Black dial with C1 Swiss Superluminova luminous markers and hands.

4mm Thick Fleiger soft calf leather with white stitching and rivet.

Brand New in box with warranty.


----------



## mrteatime (Oct 25, 2006)

love that movement roy...it looks very very pretty.......


----------



## Markybirch (Apr 24, 2009)

:wallbash: If only I hadn't pulled the trigger on a Magrette Regattare Chronograph :taz:


----------



## jasonm (Nov 22, 2003)

I really really like it! .... Is it a screw down crown?


----------



## Roy (Feb 23, 2003)

jasonm said:


> I really really like it! .... Is it a screw down crown?
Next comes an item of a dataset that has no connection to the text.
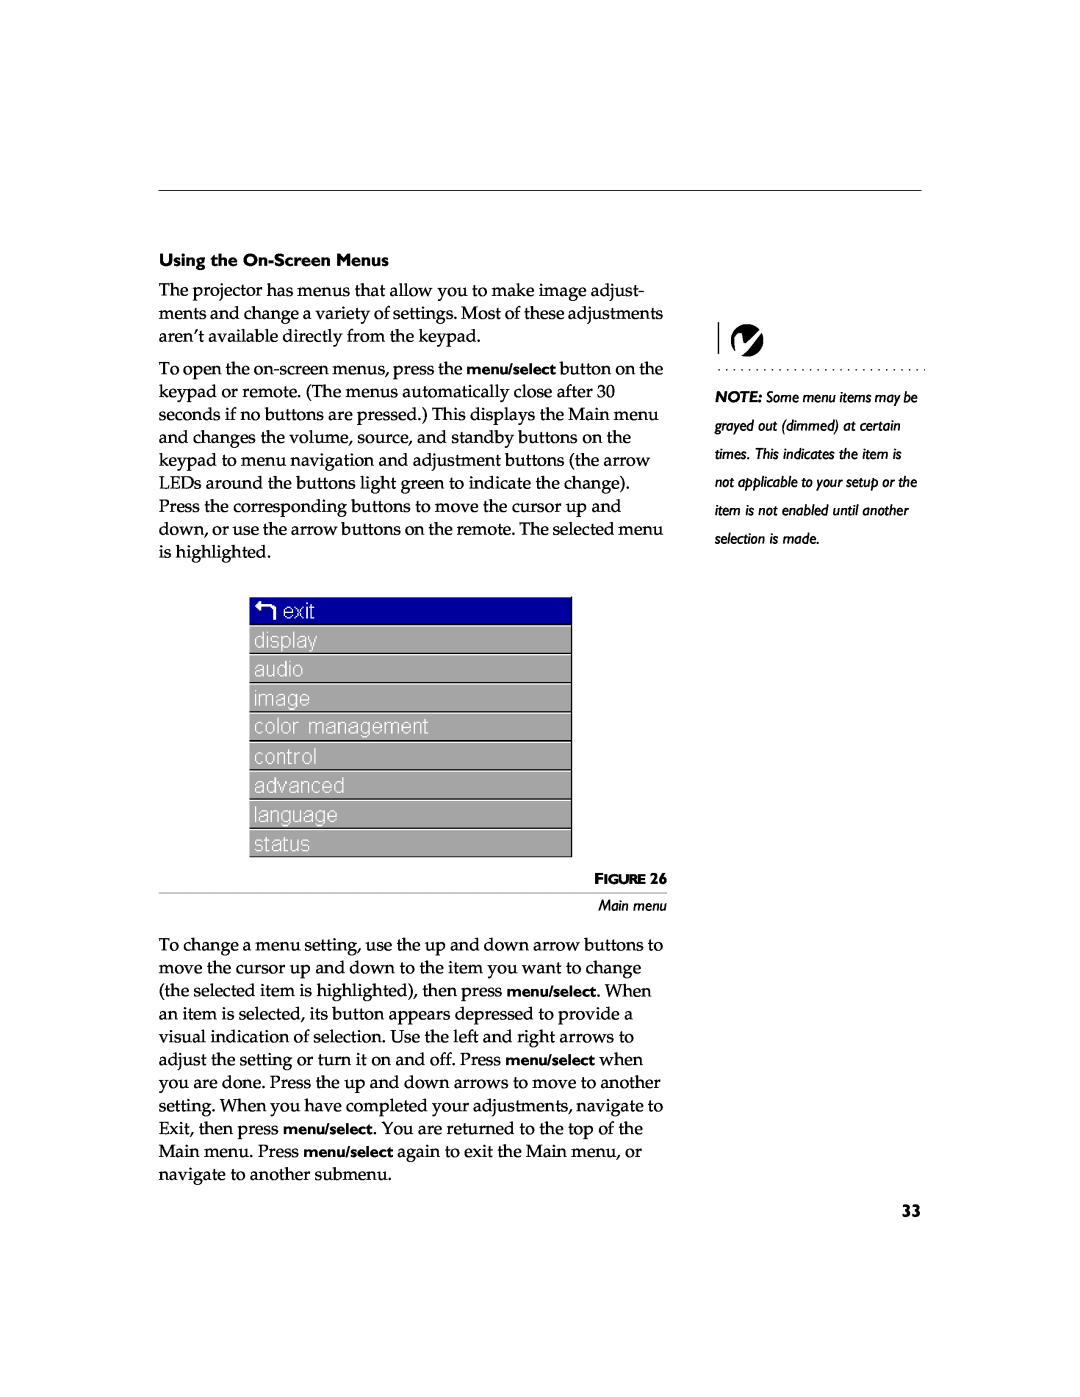 BOXLIGHT 12SF manual Using the On-Screen Menus, Main menu 
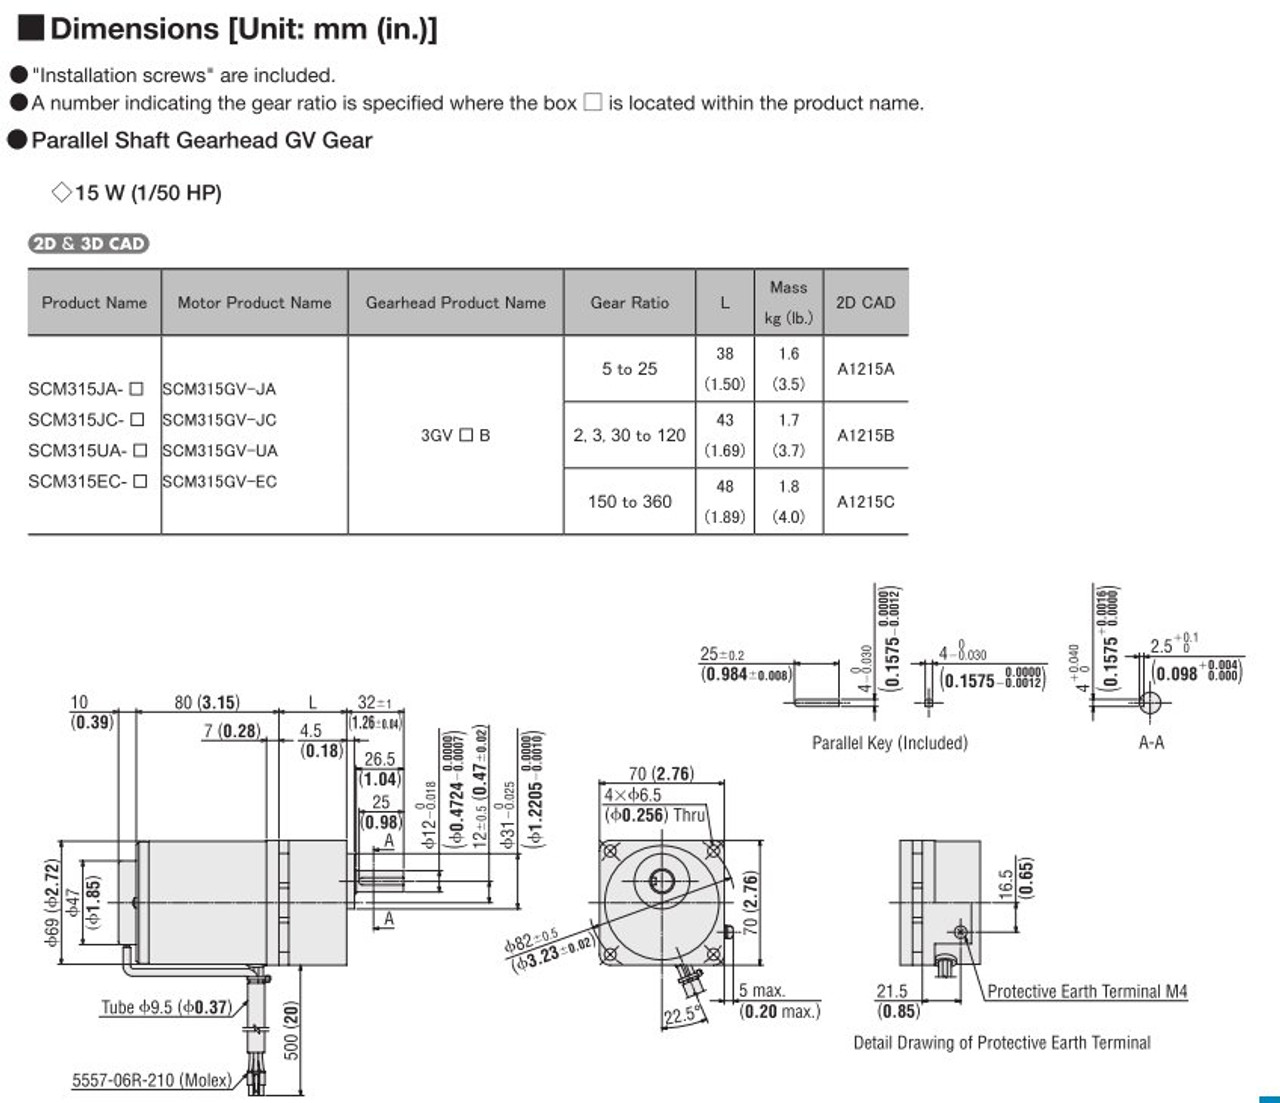 SCM315EC-18 / US2D15-EC-CC - Dimensions

No Jason, I would not personally have a screw down on a manual wind.


----------



## scottswatches (Sep 22, 2009)

That is your best watch yet


----------



## Roy (Feb 23, 2003)

scottswatches said:


> That is your best watch yet


Thank you,


----------



## Roy (Feb 23, 2003)

Forgot to mention that it has the new applied logo too :thumbup:


----------



## jasonm (Nov 22, 2003)

Roy said:


> jasonm said:
> 
> 
> > I really really like it! .... Is it a screw down crown?
> ...


Really glad you said that, I think screw downs on a manual wind is a right pain in the jacksy, I had a Poljot that had one and I could never see the point.....


----------



## jasonm (Nov 22, 2003)

So..... Whos gonna ask the obvious question?


----------



## Guest (May 22, 2012)

jasonm said:


> So..... Whos gonna ask the obvious question?


Eh?


----------



## trackrat (Jan 23, 2012)

robert75 said:


> jasonm said:
> 
> 
> > So..... Whos gonna ask the obvious question?
> ...


How much.


----------



## Guest (May 22, 2012)

trackrat said:


> robert75 said:
> 
> 
> > jasonm said:
> ...


Its on the sales bit


----------



## Roy (Feb 23, 2003)

Â£249, its now on the sales site : http://rltwatches.co.uk/opencart/index.php?route=product/product&product_id=287


----------



## NickD (Sep 6, 2007)

Top watch Roy, looks like an absolute bargain at that price, time to go shake the piggy bank..


----------



## Roy (Feb 23, 2003)

NickD said:


> Top watch Roy, looks like an absolute bargain at that price, time to go shake the piggy bank..


Thanks Nick :yes:


----------



## jasonm (Nov 22, 2003)

Whoops! Yeah, I meant cost, thats a great price...... When my blummin house sale / move / financial leaching is over with in a month or so I think I will deserve a treat :thumbup:


----------



## Roy (Feb 23, 2003)

I have three of these left then it might be a couple of weeks waiting time before I have chance to do any more. Busy Busy


----------



## jasonm (Nov 22, 2003)

Busy is good... :yes:


----------



## NickD (Sep 6, 2007)

Back from pub, piggy bank duly raided and order placed - the BT should be with you tomorrow Roy  .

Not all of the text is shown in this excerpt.